The girl grabbed her grandmother by the waist, pressing her face and her new hair into the woman’s side. The old woman pushed her away.
“She’s just a child,” Laverne said.
The Devil said, “A child, a chick, a big fat dick. What’s it to you, Miss Laverne? What’s it to me?”
Laverne went to the girl and knelt and pulled her close. Laverne told the girl that it would be all right and in a few moments the girl stopped shivering and crying. The girl continued to cling to her and Laverne told her she would never leave her.
“They should lock you up for this,” the man said to the old woman, who called him more names as he walked away.
Laverne stood and looked at the old woman. The woman blinked and bowed her head, staring into the cart, then she looked at the girl, who drifted to her side. “The nerve of some people,” she said, still not looking at Laverne, each of her words getting softer and softer. “Come on, sweetie,” she said and placed one of the little girl’s hands on the edge of the cart and moved away.
Laverne turned around. The Devil’s suit and hat and tie and two-tone shoes were gone. He had on a baseball cap and green T-shirt and shorts and tennis shoes. “Tell your mother,” he said, “that I will see her next Friday, just after she’s eaten all that good Catholic fish.”
“Leave her be,” Laverne said. “She’s sickly, and gettin older.”

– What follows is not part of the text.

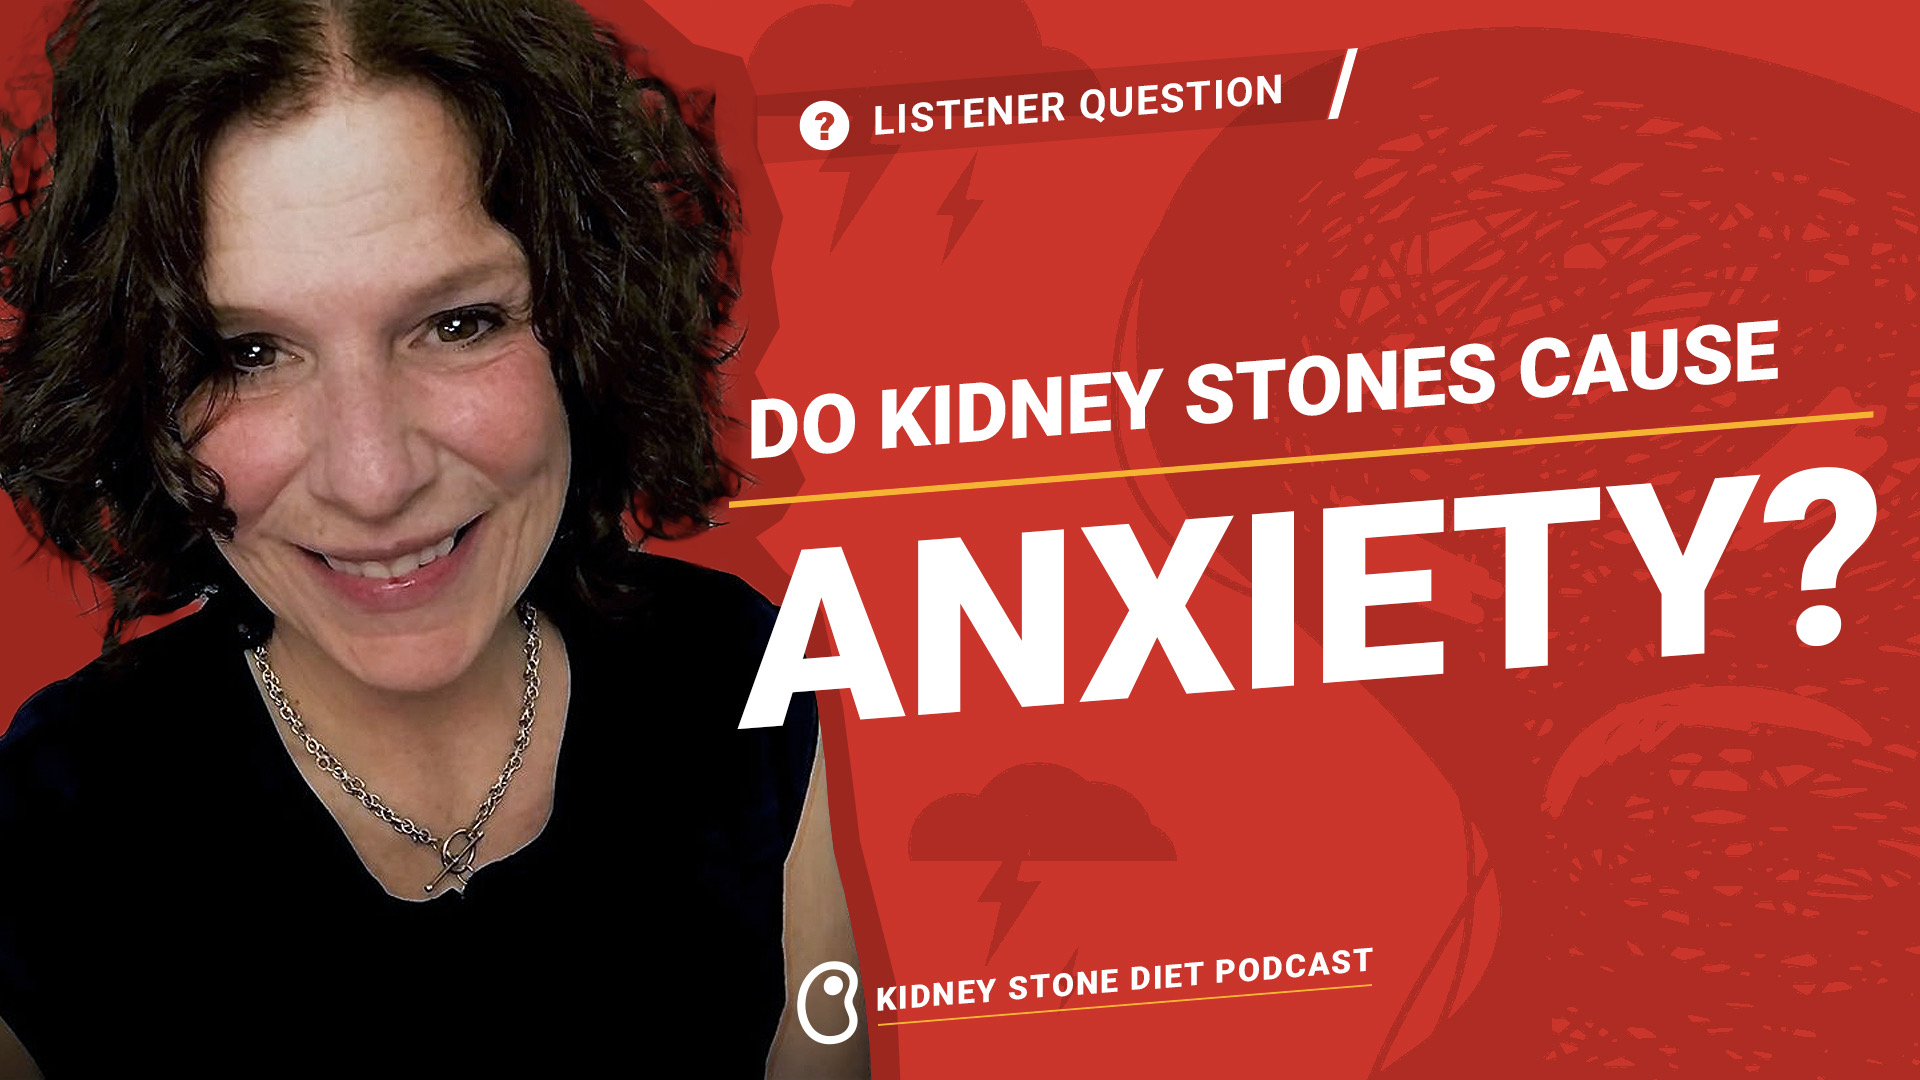 Do kidney stones cause anxiety?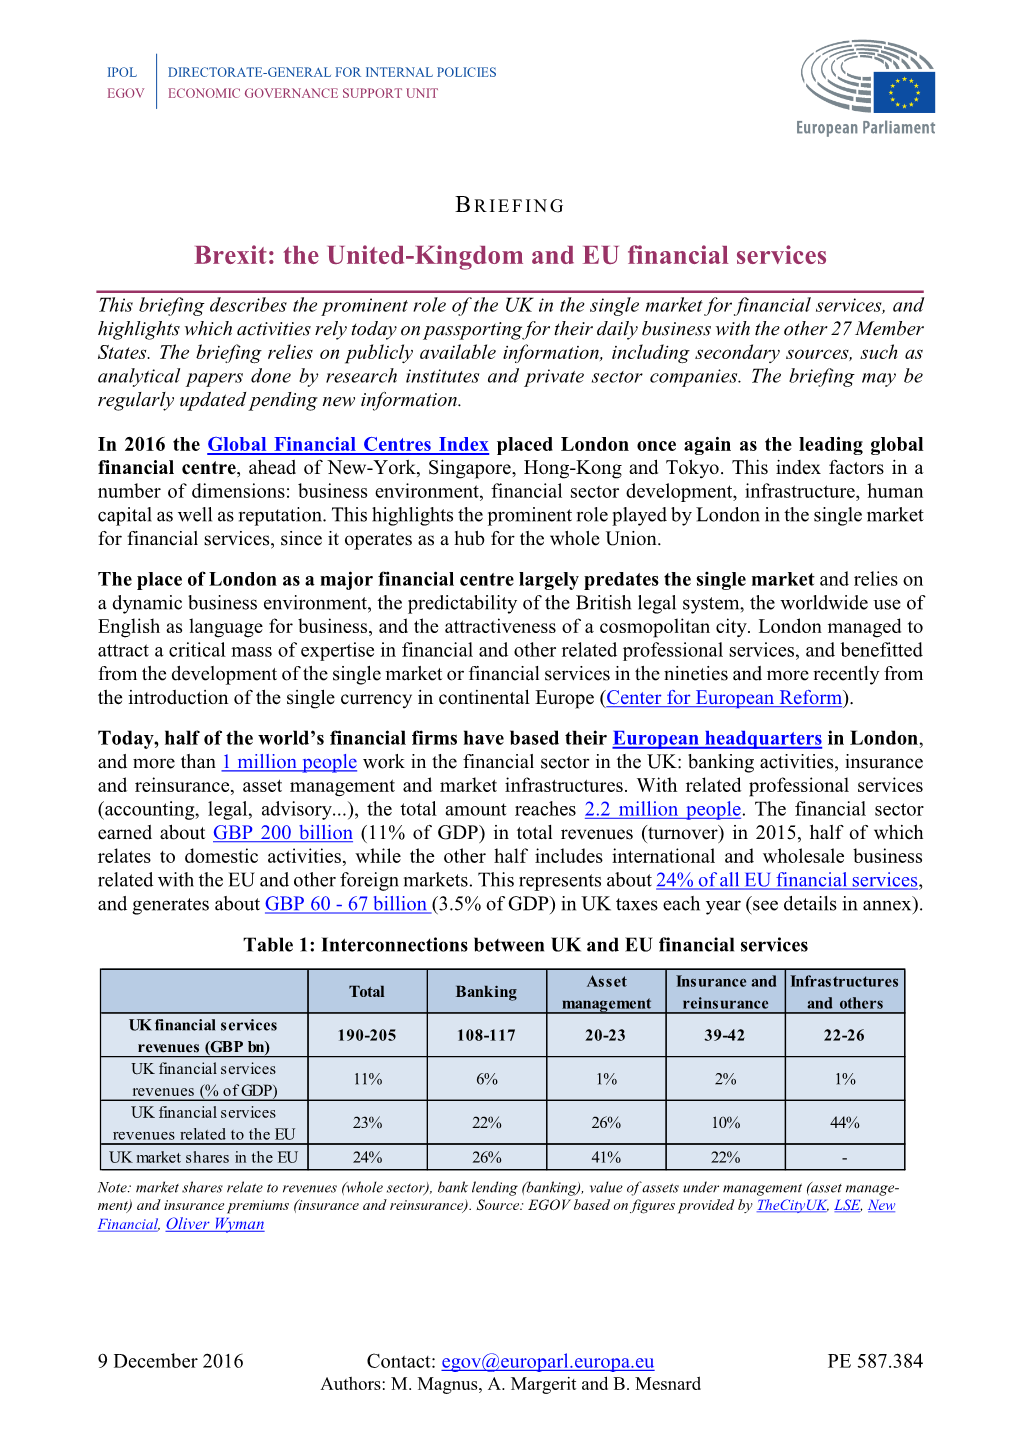 Brexit: the United-Kingdom and EU Financial Services

“Sick and old,” he said, “but not yet dead.” He straightened the cap with the Washington Senators logo. “You and I are not yet finished. There’s more to talk about, starting with what does your husband think of that boy not being his. Have you and him had that conversation, Laverne?” He tucked the T-shirt into the shorts. He raised his arms and twisted his torso from side to side, then he twisted his neck. “Oh, the men out there in the world who just love to follow in Joseph’s footsteps. Is your husband named Joseph, Laverne? Can I call you Mary, Laverne?” He leaned over and touched his toes three times. “You and I will talk later, but right now your grandmother is waiting for me with a nice glass of brandy in that mansion on the hill that cost an arm and a leg. And one soul.”
He stepped around her and was gone.
Laverne looked at her cart, at the few items in it. She made her way around the shoppers to the door of the Safeway. The uncle had had a name but the more she tried to think of it, the more it fluttered out of reach. Uncle Somebody, please tell me your name. Outside, the sun was even higher and Good Hope Road was even more crowded. She looked to the left, toward the 11th Street Bridge. Why had all the men in her family escaped days like this? Why had the key to heaven been left with the women? Down where Good Hope met the bridge would be a good place for him to jump into the Anacostia River and swim over to the rest of Washington. She went to the right. There had never been a Saturday when she had thought that her son and her husband were not waiting for her on up the road. Now, something told her with utter finality that they were not there, that the boy was not standing and holding his father’s hand, his little heart beating just to see her again. Something kept telling her she was alone. Laverne waded into the crowd, and the current of the colored people was so strong that it simply carried her on up the road.